First of all, as outlined by the Appeal Judge in his judgment, there are two distinct facets to a mortgage – a contract to repay a debt, and a proprietary right to take possession of a property defeasible by the repayment of the debt. These two elements are distinct and may exist independently from each other (the Judge gave the twin examples of when possession has been obtained and the property sold and the mortgagee is still able to sue for the outstanding shortfall as a debt, and the right to enforce the proprietary security surviving the bankruptcy of the mortgagor).
Secondly, when the mortgagee assigns his interest, the right to possession will only pass to the assignee on the registration of the legal charge, as the Land Registration Act 2002 requires registration in order to effect the transfer of a legal title. However, it is also possible for the rights as legal charge-holder to be transferred independently of the right to sue on the debt. The failure of the Claimant to prove a valid assignment of the debt was academic in this case because the Claimant, as registered proprietor of the legal charge, had a legal right to possession.
From a practical perspective, the standard form Particulars of Claim were sufficient for a Claimant to bring a claim both as the assignee of a debt and the registered proprietor of a legal charge at the same time, without expressly stated that the claim was pursued on both bases.

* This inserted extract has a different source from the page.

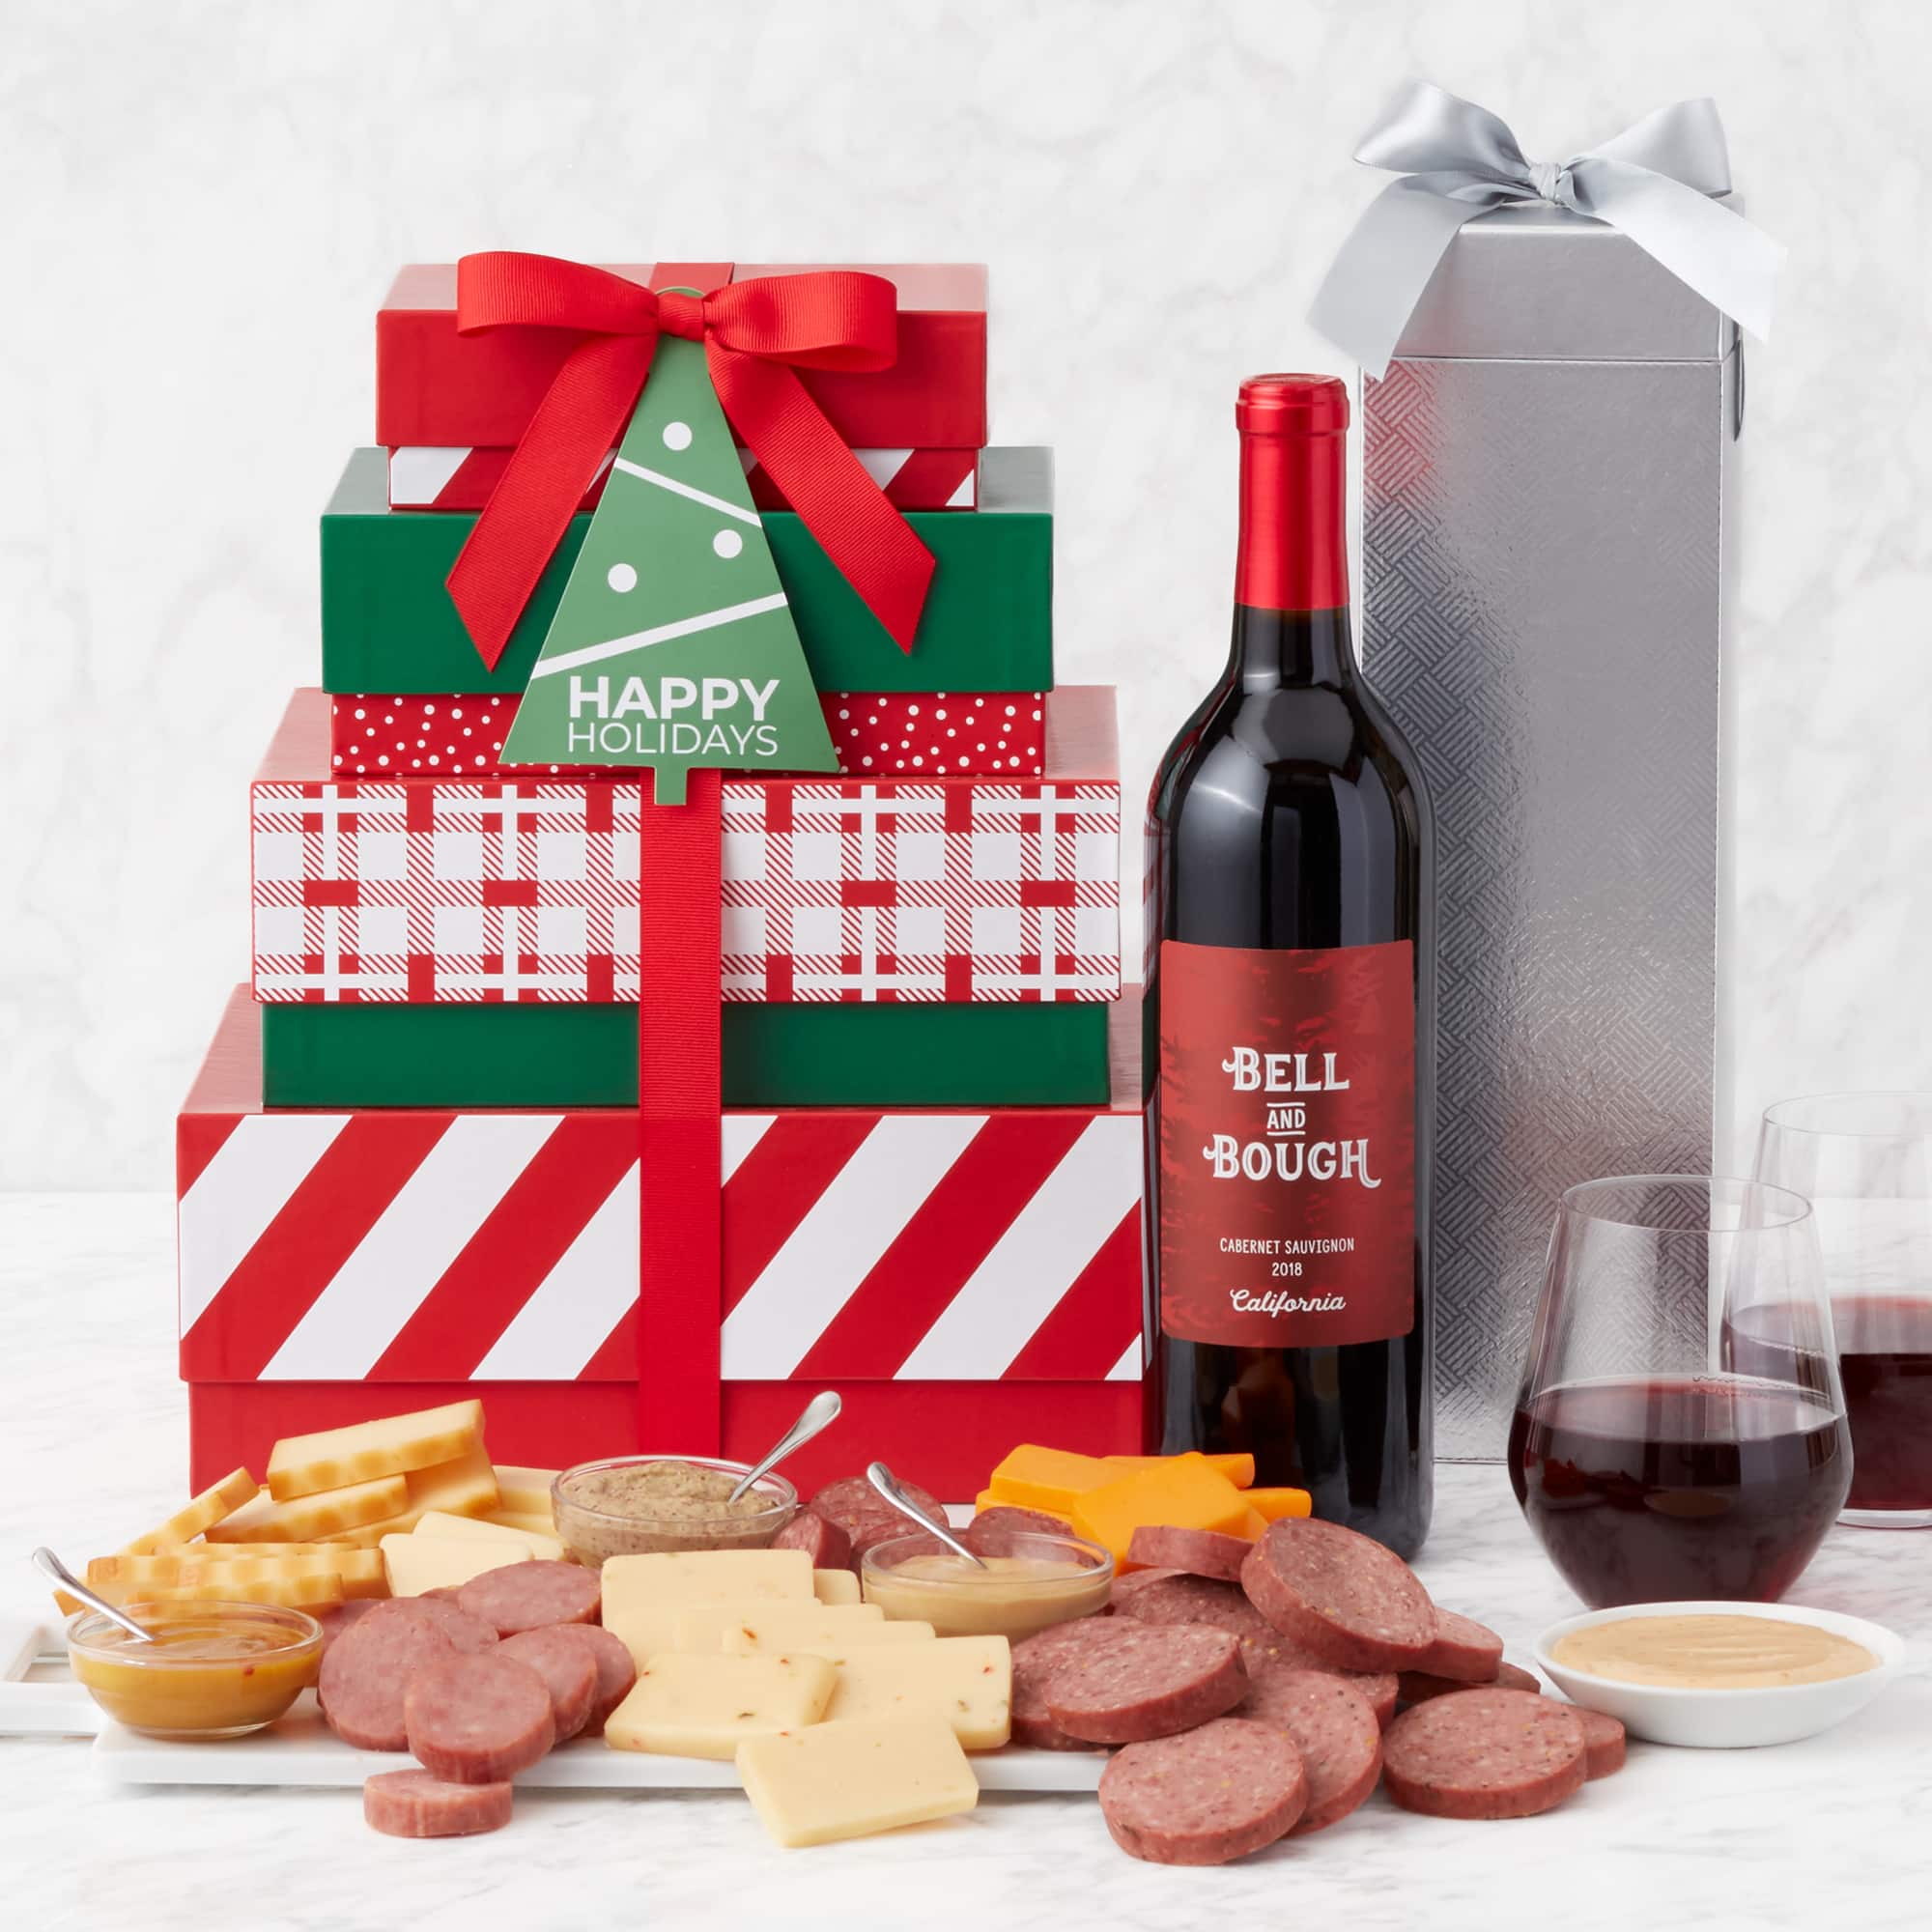 https://www.hickoryfarms.com/on/demandware.static/-/Sites-Web-Master-Catalog/default/dw00f9da1d/images/products/holiday-gourmet-meat-cheese-gift-tower-wine-003925-3.jpg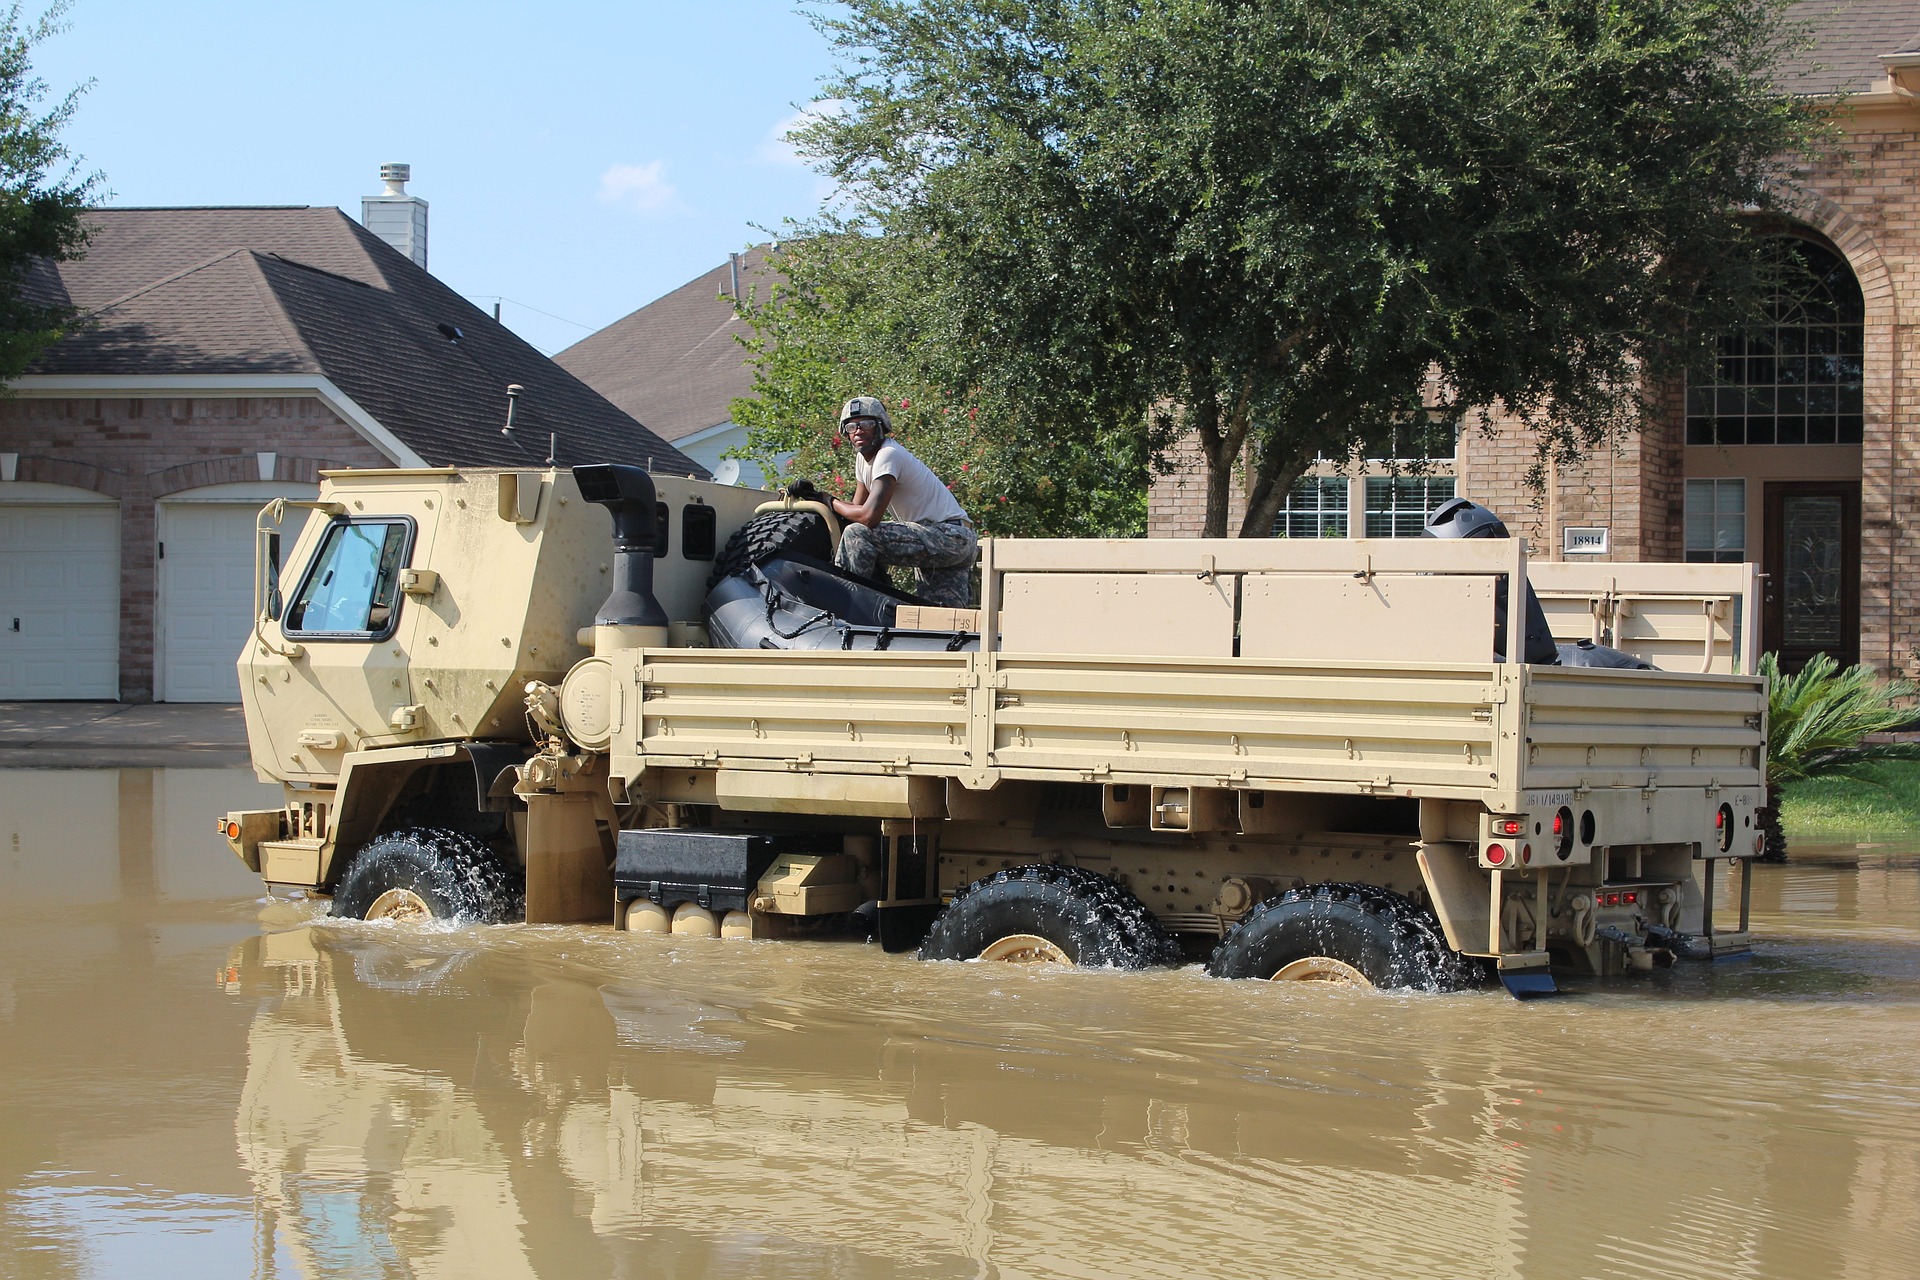 A vehicle makes its way through a neighborhood in the aftermath of Hurricane Harvey, which caused flooding in the region in August 2017.

The first appeal decision in the case, under neutral citation number  EWHC 104 (Ch) is also useful reading given the analysis of the trial judges’ approach to the evidence and, in particular, whether it was appropriate for the judge to rely on the ‘best evidence available’ principal when it was clear that a very relevant document was not before the court. Also, in the Appellate Judge’s view, the Defendant’s tactical approach in not making an application for specific disclosure despite being aware of the Claimant’s obvious failure to disclose essential documents was a grave misstep. Despite the initial failure to disclose being the Claimant’s, the Appeal Judge indicated that he would have either (a) required the Claimant to immediately disclose the documents and given the Defendant’s counsel only a matter of hours to formulate his position on them or (b) adjourned the trial with the Defendants to pay the Claimant’s costs thrown away. A litigator should rely on a clear gap in the other side’s disclosure at their peril, it seems. Obviously, different cases and circumstances will require different approaches, but this case, played out to its conclusion, provides a useful practical example.